Snap happy history
A school trip to the Baltic in 1974 brought the disapproval of my paternal grandmother: I had used seven rolls of film to take photographs. The visit had included Copenhagen, Malmo, Gotland and Leningrad (as Saint Petersburg was known at the time). Seven rolls of film had meant eighty-four photographs, the sort of number of pictures someone now might take in a day with a smartphone. Cost was, of course, the issue: my grandmother disapproved of how much my parents had to pay for the developing and printing of the photographs. Photography for my grandmother was about serious matters, posed family pictures, holidays, visits, important events. A thirteen year old boy’s snapshots did not fall into her idea of what could be considered as serious.
Not everyone shared my grandmother’s attitude, a maternal grand aunt seems to have been positively profligate in her use of her camera, making an extensive pictorial record of her visits to her large extended family.
My mother has one of her aunt’s photographs hanging on the wall.

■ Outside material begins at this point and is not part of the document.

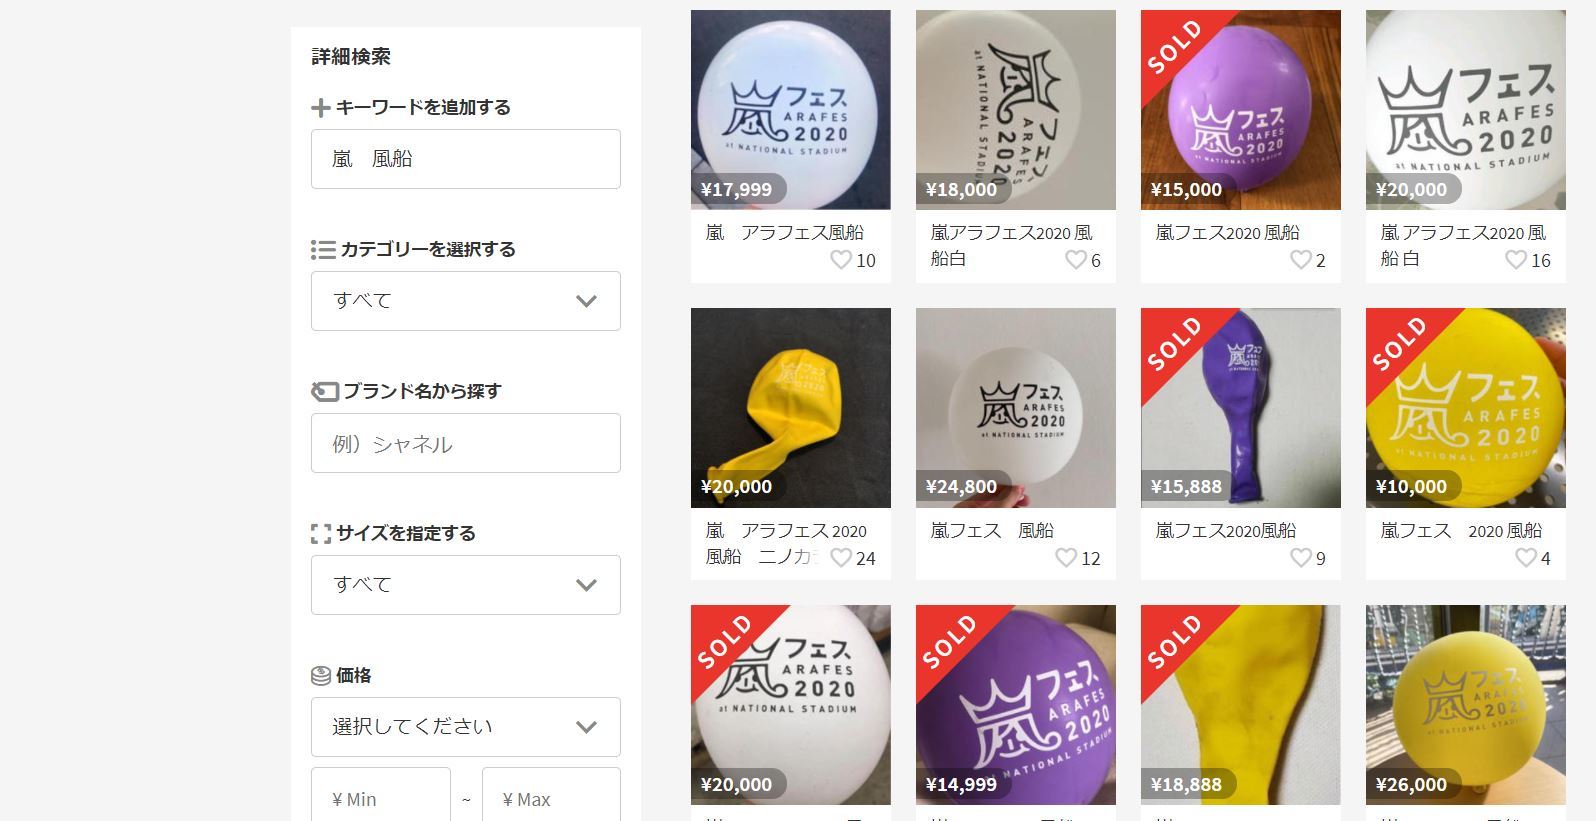 嵐ライブの風船、メルカリで高額取引 5色セットで4万円超も ネット上で ...

Taken around 1965 or 1966, the photograph features the small boy who lived on the farm. The interesting part of the picture is in the background detail. Human beings do not change much over the years; individuals change, but people generically don’t alter much. Hairstyles may differ and in years to come the small boy’s shirt and shorts will look quaint, but real changes are man made.
The farm well with its concrete cover lies in the foreground, it was to prove invaluable in the drought of 1976. Close by is a tall round corrugated iron water tank that was used for the collection of rainwater. The well water was “hard” and my grandmother would use the “soft” rainwater for the weekly wash. To the rear lies the barton and the haybarn, the small rectangular bales will forever date the picture to the mid 20th Century.
It would not have occurred to us to have taken photographs of the farmyard simply for having them; why would anyone have wanted such pictures when farms for miles around offered similar scenes every day? Yet were our daily lives not as important as the people we met every day?
Perhaps there were others in Somerset as profligate with their picture taking as my grand aunt, but who went around taking the odd pictures that are now interesting: pictures of well covers, water tanks, bales and barns. Perhaps someone walked through bartons and cowstalls snapping away without thought for expense or criticIsm. Perhaps, out there on the web somewhere, there are recorded those things that provided a landscape for the lives featured in everyone else’s snaps.